After a day of meetings, James, a client with China’s top television station, announced he wanted to treat us to a traditional massage at a local spa. I thought this was a wonderful idea.
The Richael CEO Club is absolutely first rate. Sia and I were lavishly pampered. A woman rubbed my feet for an hour while I was served exotic fruits and herbal tea. I decided James was my new best friend.
After the exceptional foot massage we were led to another room where we would get a back massage. The woman who had so expertly handled my feet disappeared and was replaced by a large burly man. I was suddenly less enthusiastic.
I don’t like being massaged by men. I can’t relax. Masseuses at Spas are supposed to be female. It says so on the label. This was going to be awkward.
He started with my neck. He was rough. He told me my neck was quite stiff. I suggested that breaking it wasn't a good solution. He commented on my skin. This sounded dangerously close to flirtation.
He said, “Your body strong.”
“No, it isn't.”
“You have good flexibility.”
“No, I don’t.”
“You just relax.”
“Is our time up yet?”
“It’s been five minutes.”
“I feel better already.”
“You want it harder?”
“No, and I’ll thank you never to ask that question again.”
And so it went for an hour. I eventually decided he was not going to kill me or sodomize me, and was able to relax and enjoy a very good, if occasionally rough, massage.

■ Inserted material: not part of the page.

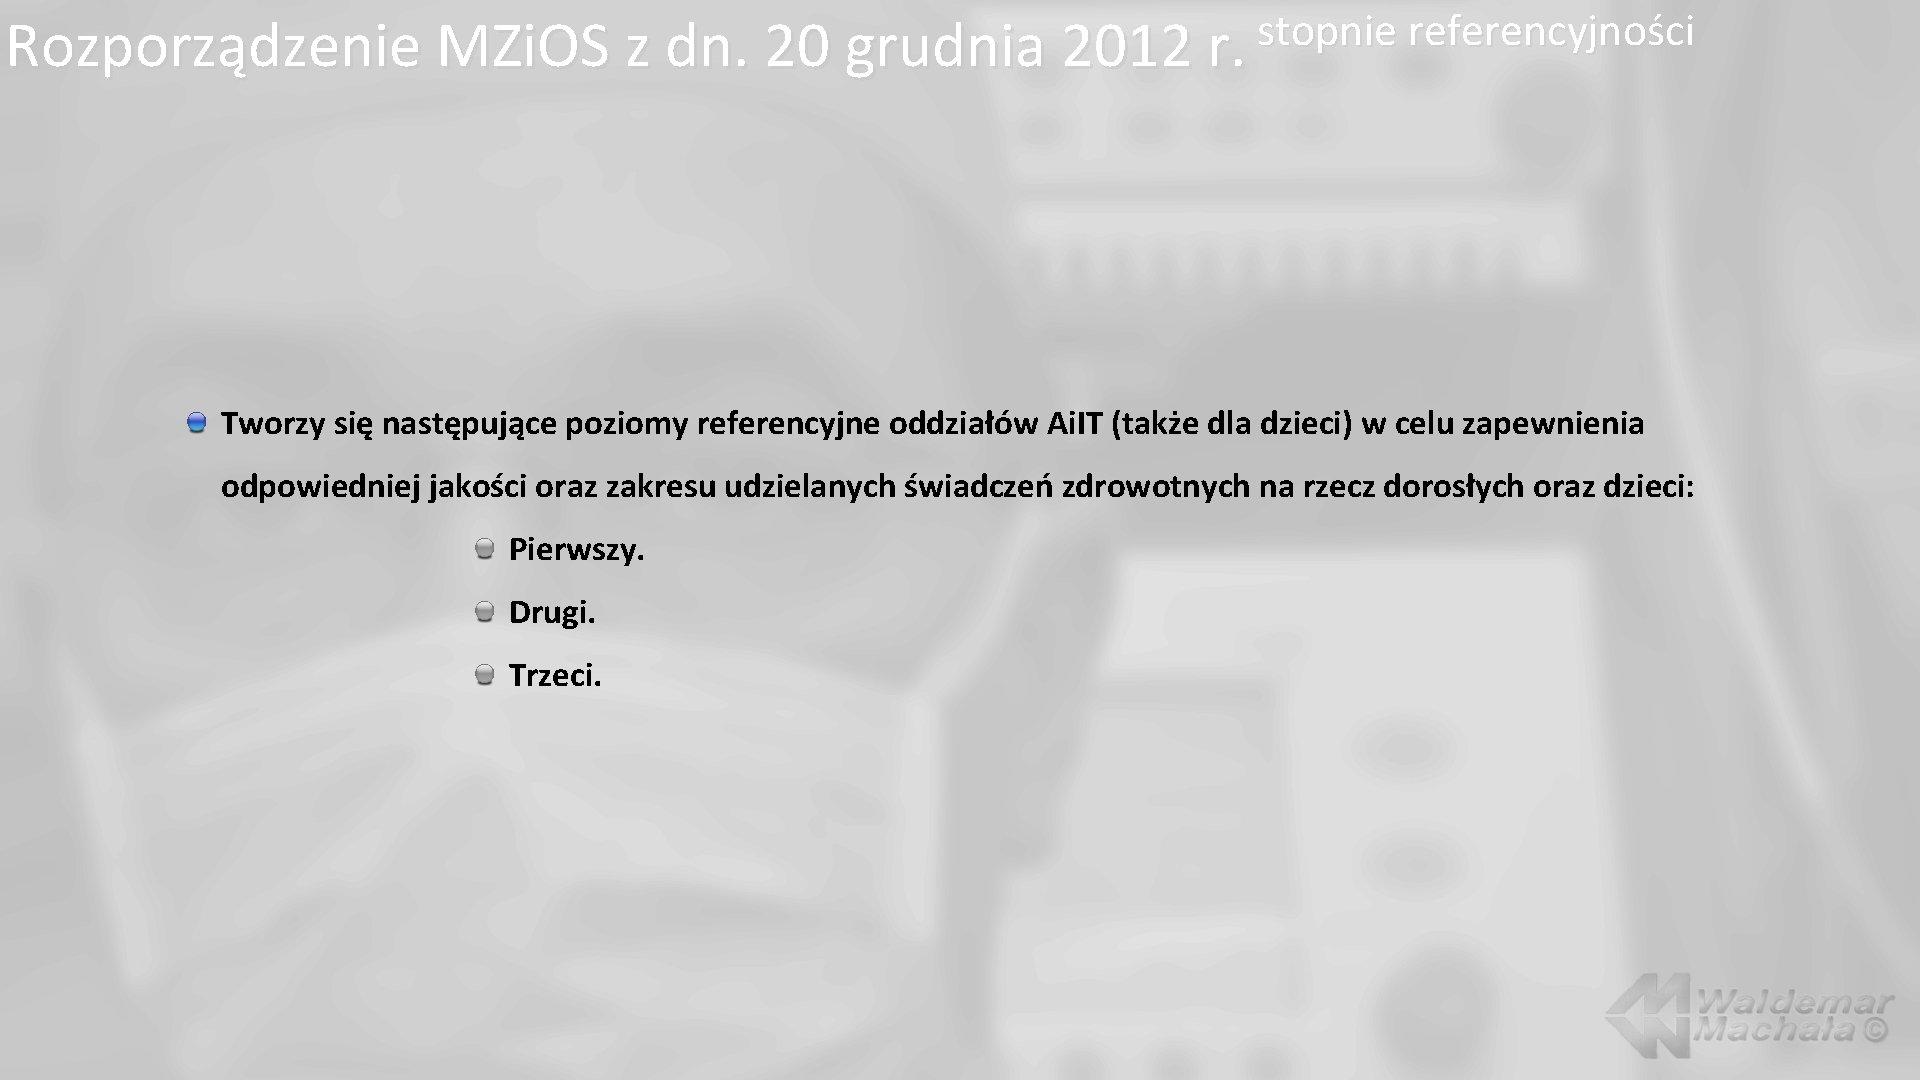 stopnie referencyjności Rozporządzenie MZi. OS z dn. 20 grudnia 2012 r. Tworzy się następujące

After our spa treatment we met three local television stars from James’ network and headed out to dinner. The television personalities were apparently very well known – most of the restaurant staff wanted to pose for pictures with them. We were also joined by a senior official with the Anti-Corruption Police, his bodyguard, a Commercial Police official and four property developers. It was a fascinating group, upstaged only by the array of food.
Tonight’s menu included frog, turtle skin (why just the skin no one would explain), a dish described only as “fungus”, sea cucumber and cobra (yes, the snake.) Sia told me I’d like the cobra, that it tasted very much like stingray. Sure, I eat stingray all the time. It’ll be a little taste of home.

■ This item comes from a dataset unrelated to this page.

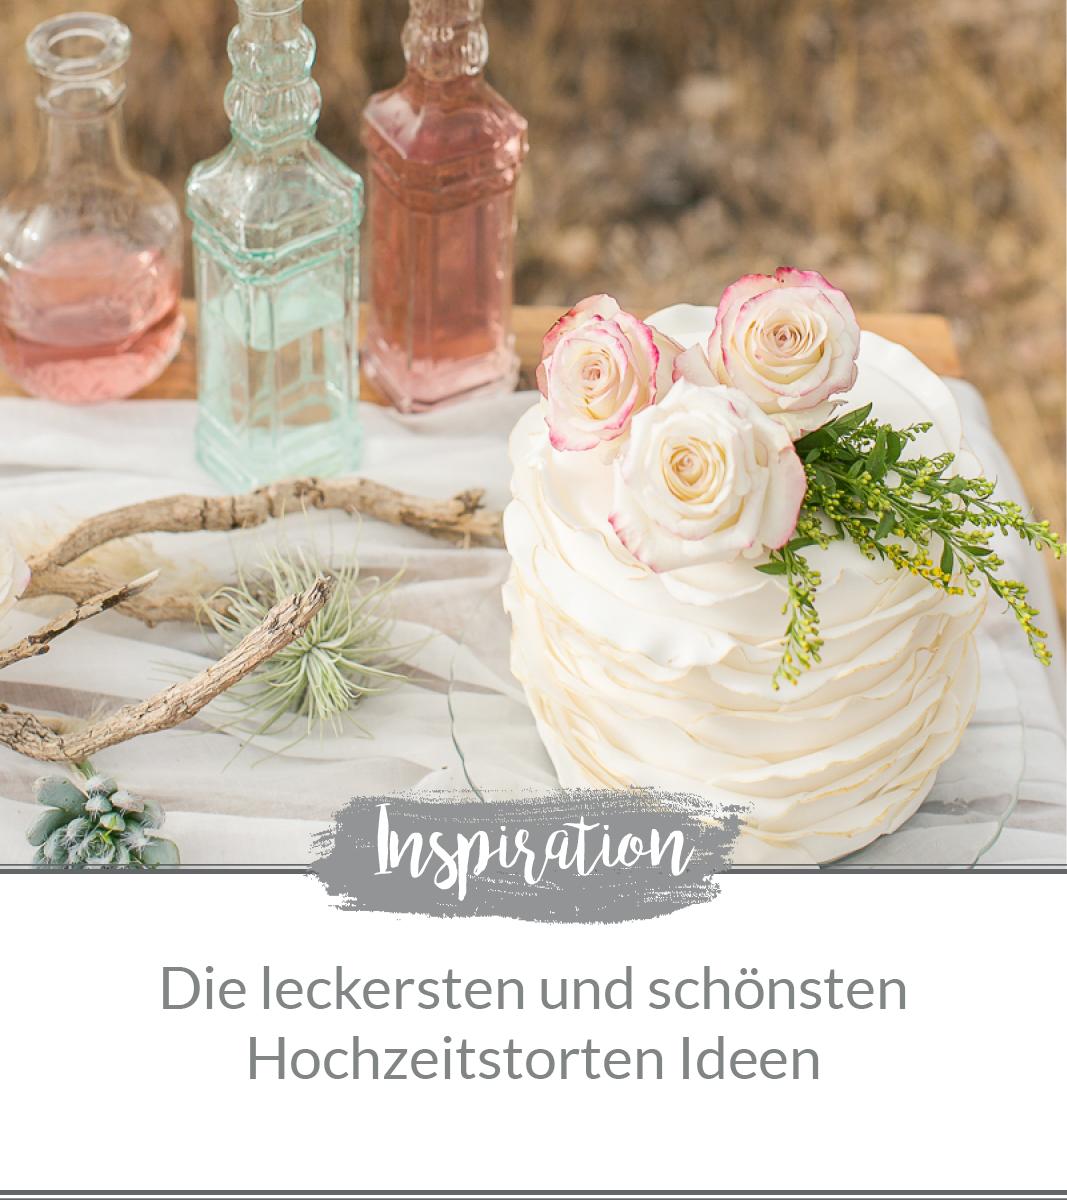 Hochzeitstorten Ideen. Ruffled Cake mit Goldrand

Dinner also featured copious amounts of .45 proof Chinese rice wine. The Chinese have a tradition of constantly toasting during big meals. There is an old Chinese proverb that says “If you leave a social meal sober you did not truly enjoy yourself." I apparently really enjoyed myself.

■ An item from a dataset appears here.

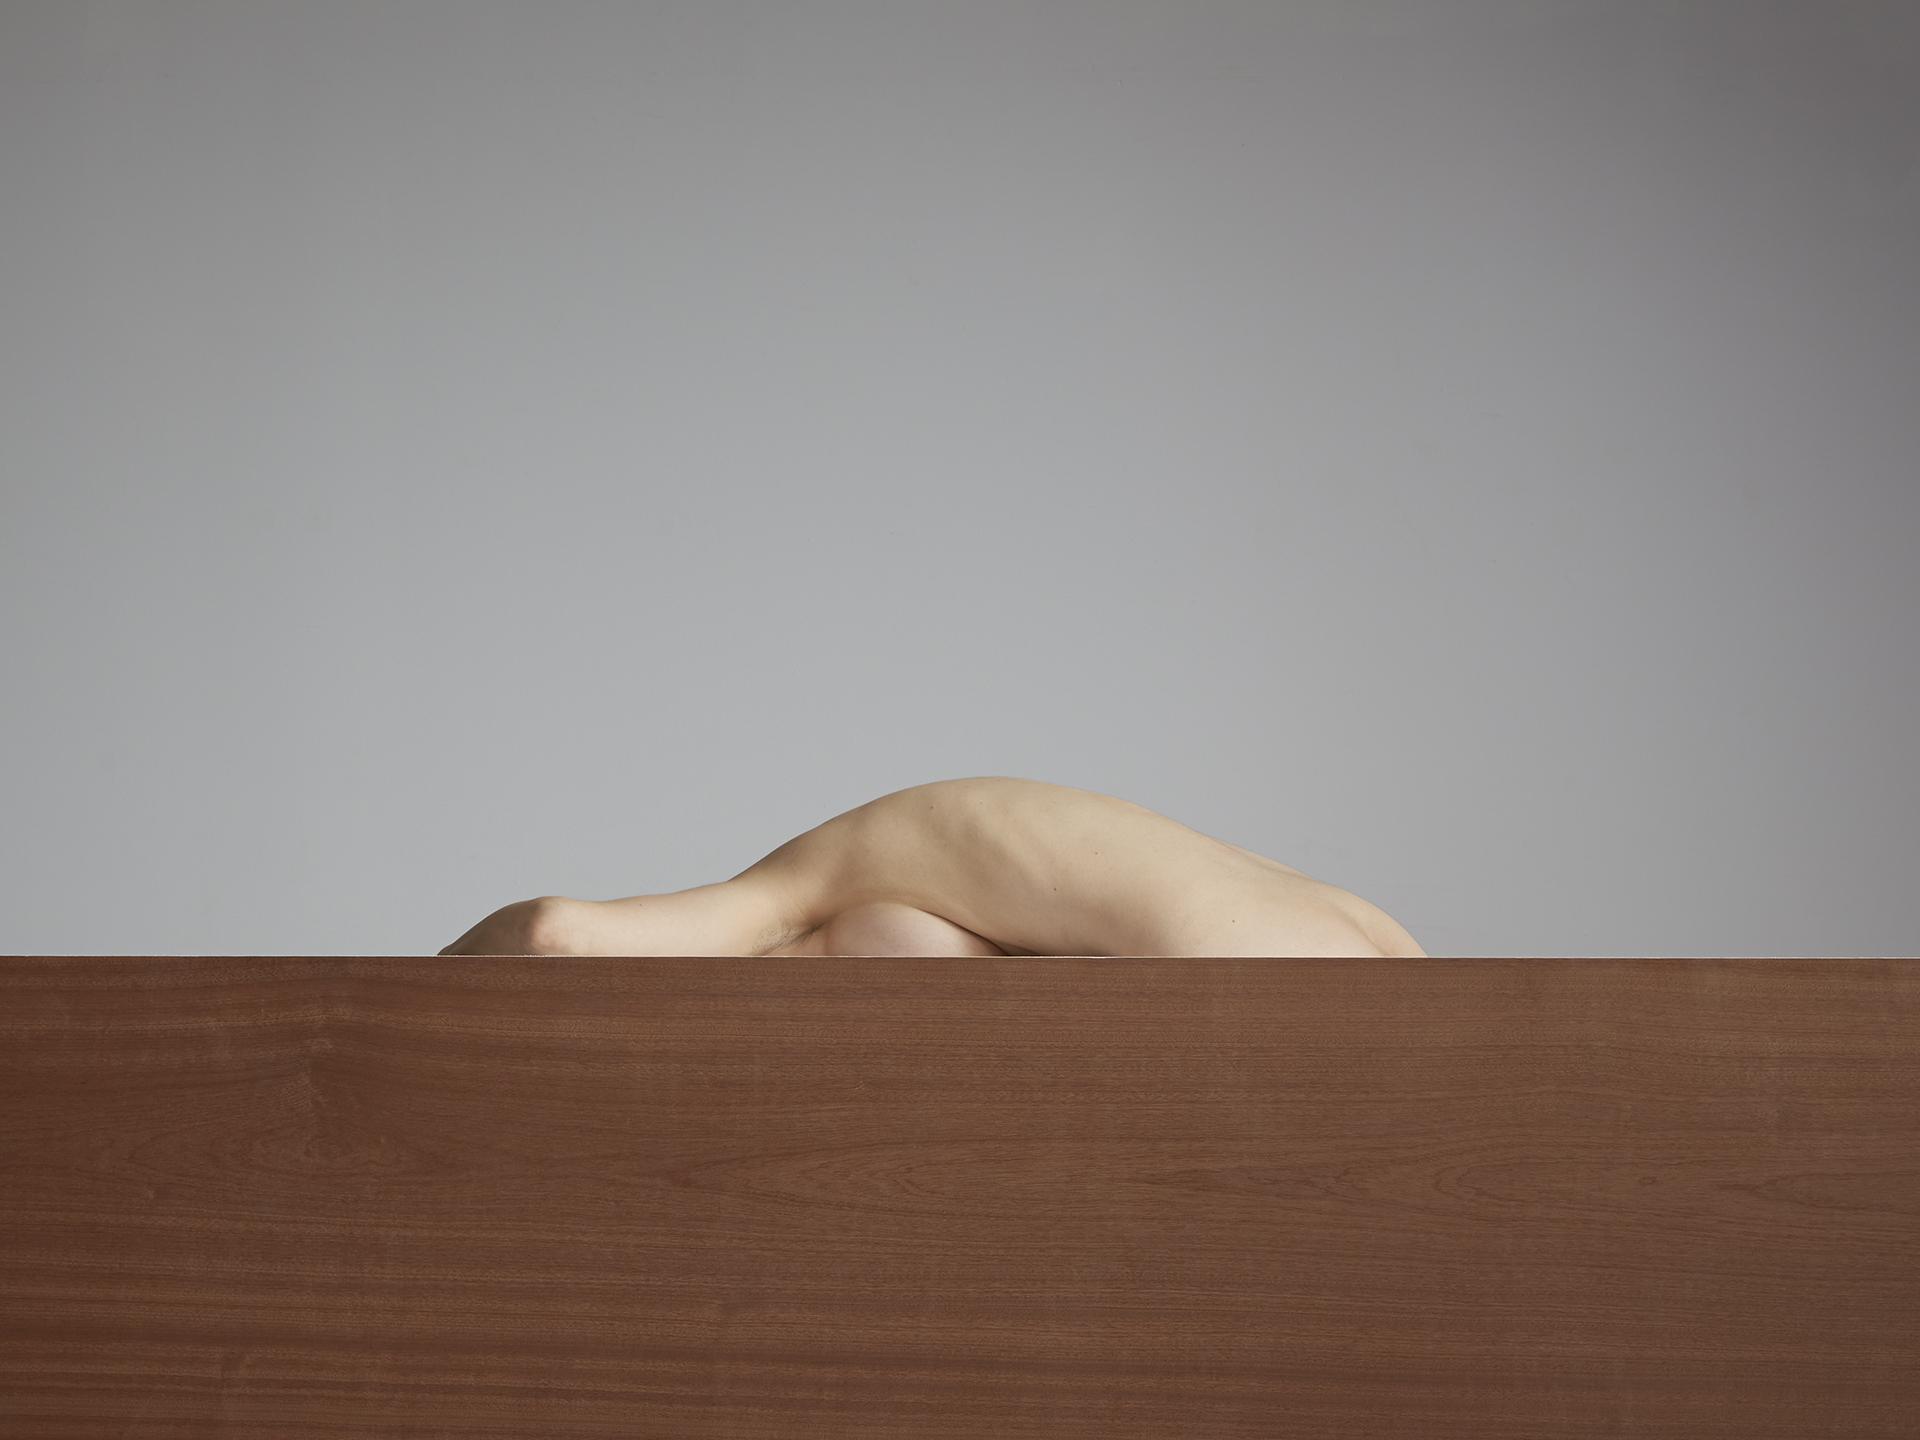 Segmented Body with Walnut  2014

Toasts were done table-wide, or just between two people, with one pointing across the table at someone else and offering a “gan-bai” toast, which means you must empty your glass.
I don’t know what we were toasting, but it seemed like nearly everything said required one, so we drank.
I don’t think I’ve ever laughed so much during a meal or understood so little.
We finished the night dancing and dicing at the G+ Club in the Xian Tan Di district. At least that’s what they tell me. My memory gets a little fuzzy after the 10th gan-bai.